• INSTRUCTIONS TO FOLLOW: Find the line below with "CDC clears updated" and the line with "two photos of". Output exactly those lines and everything between them, leaving out the pictures.

• GIVEN DATA:
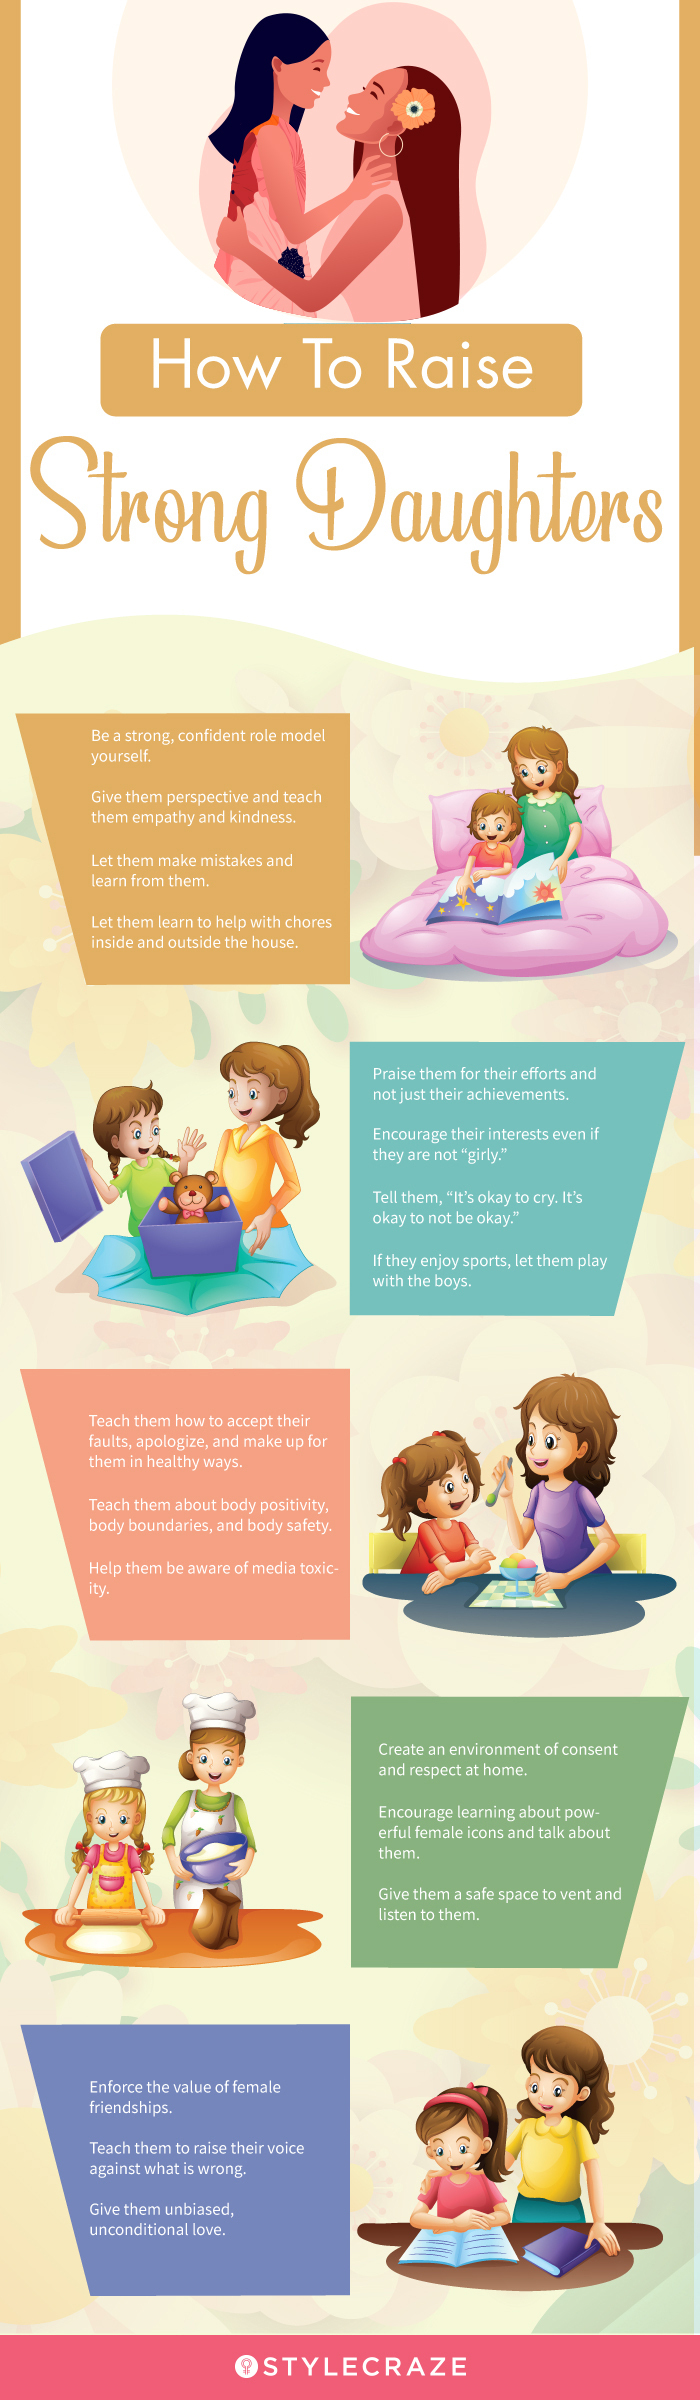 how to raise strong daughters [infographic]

* * *

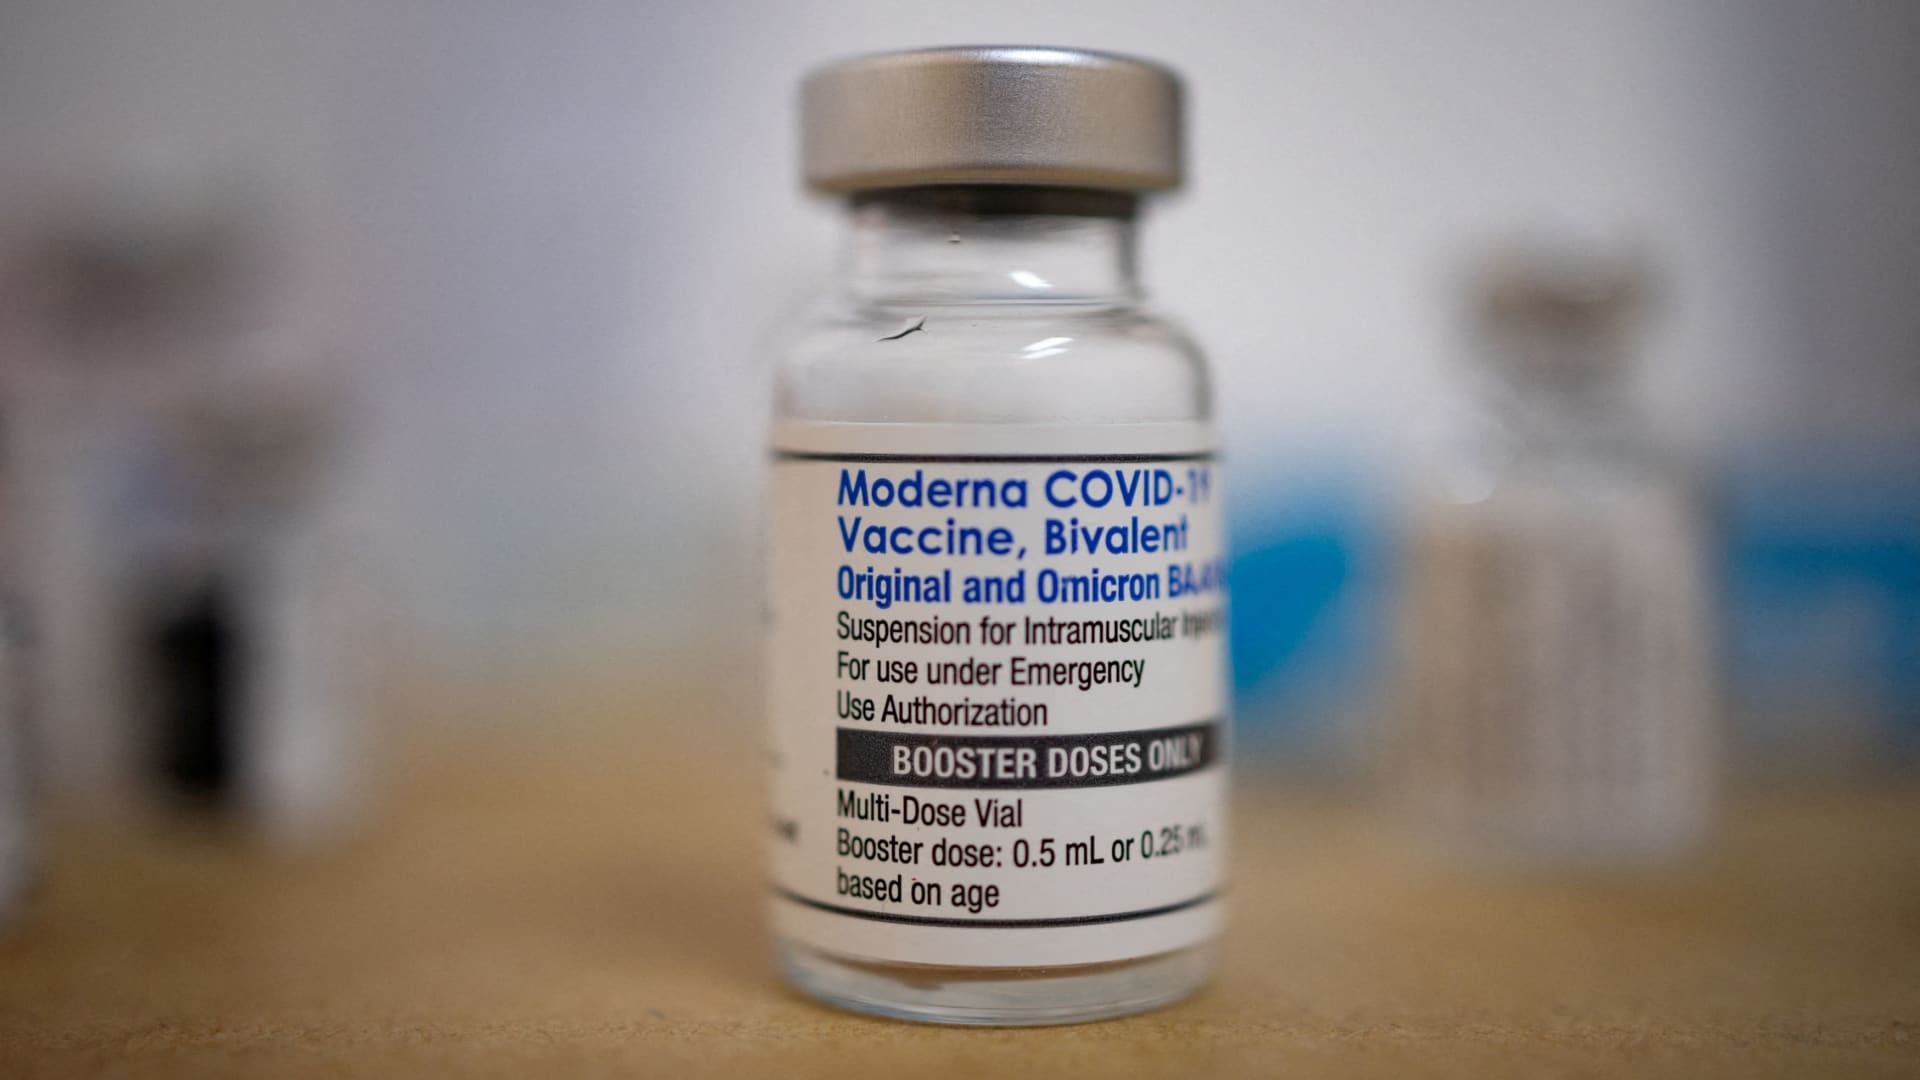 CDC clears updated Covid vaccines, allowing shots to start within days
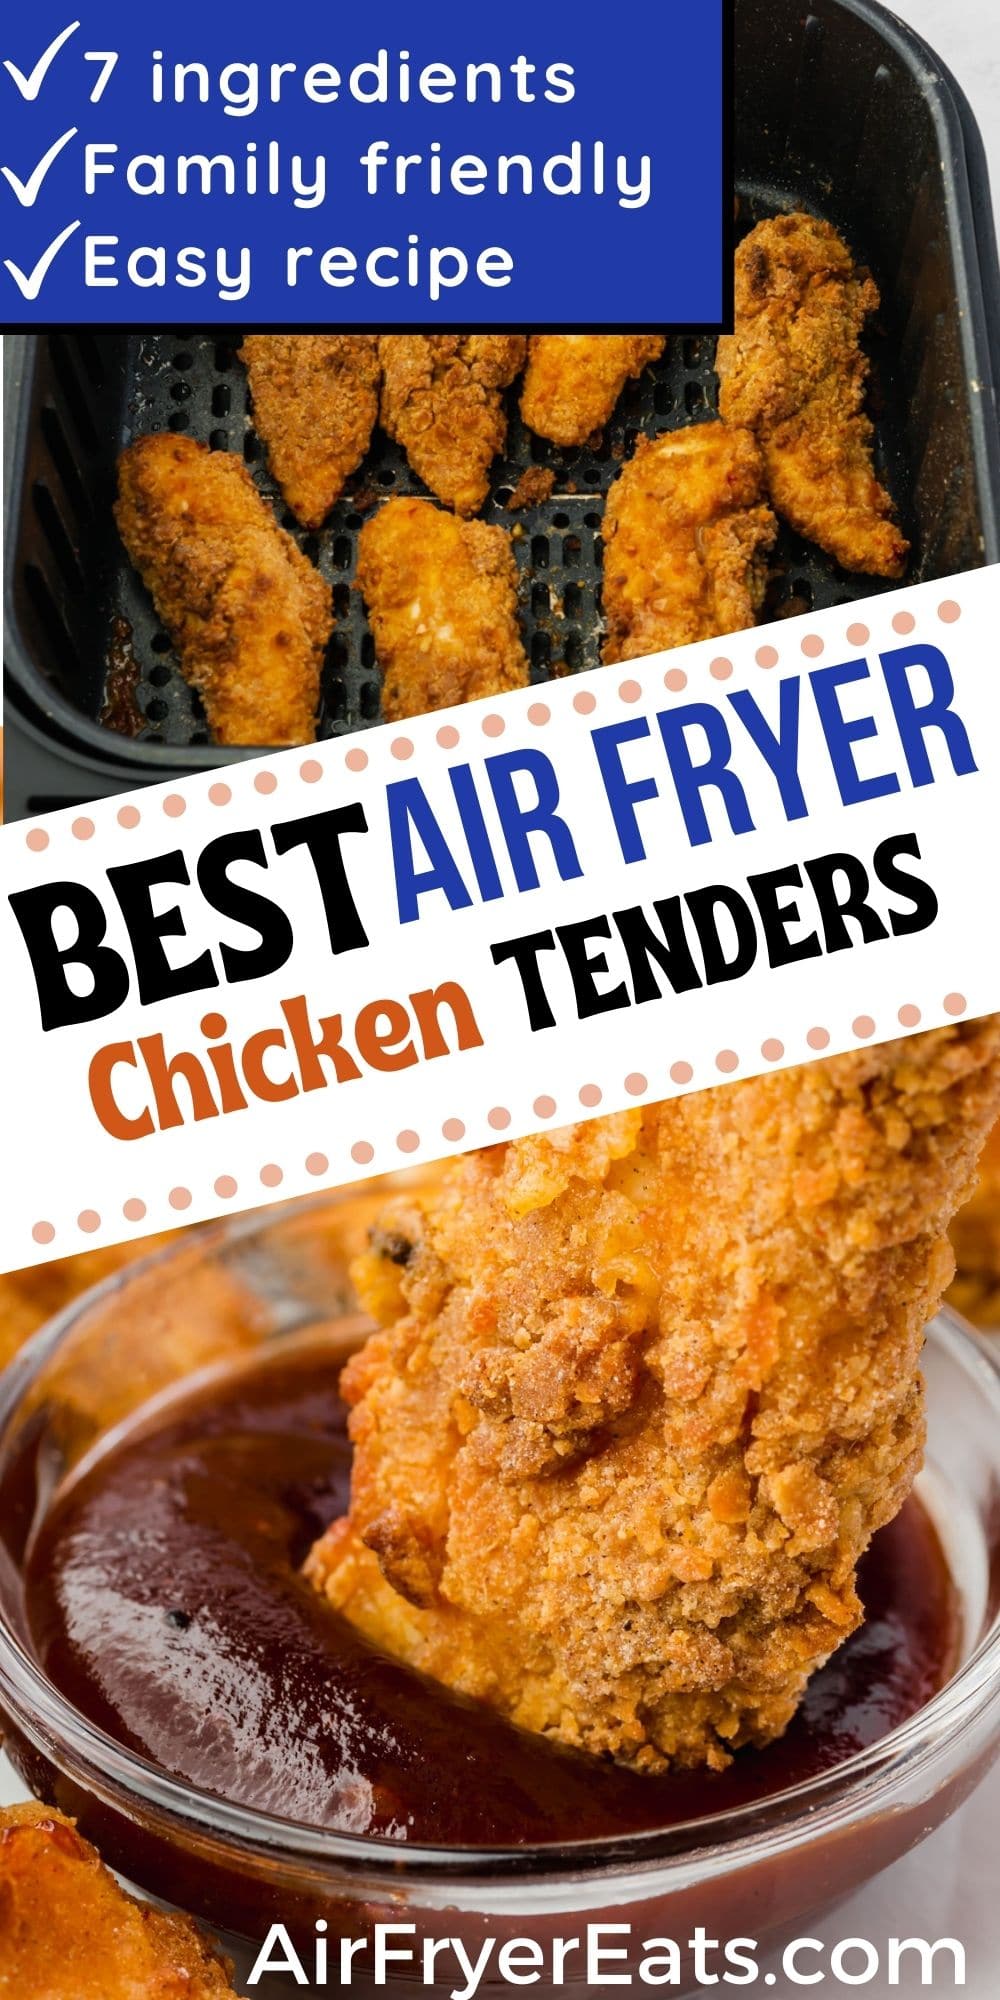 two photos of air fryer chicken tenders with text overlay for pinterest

• SOLUTION:
 CDC clears updated Covid vaccines, allowing shots to start within days
 two photos of air fryer chicken tenders with text overlay for pinterest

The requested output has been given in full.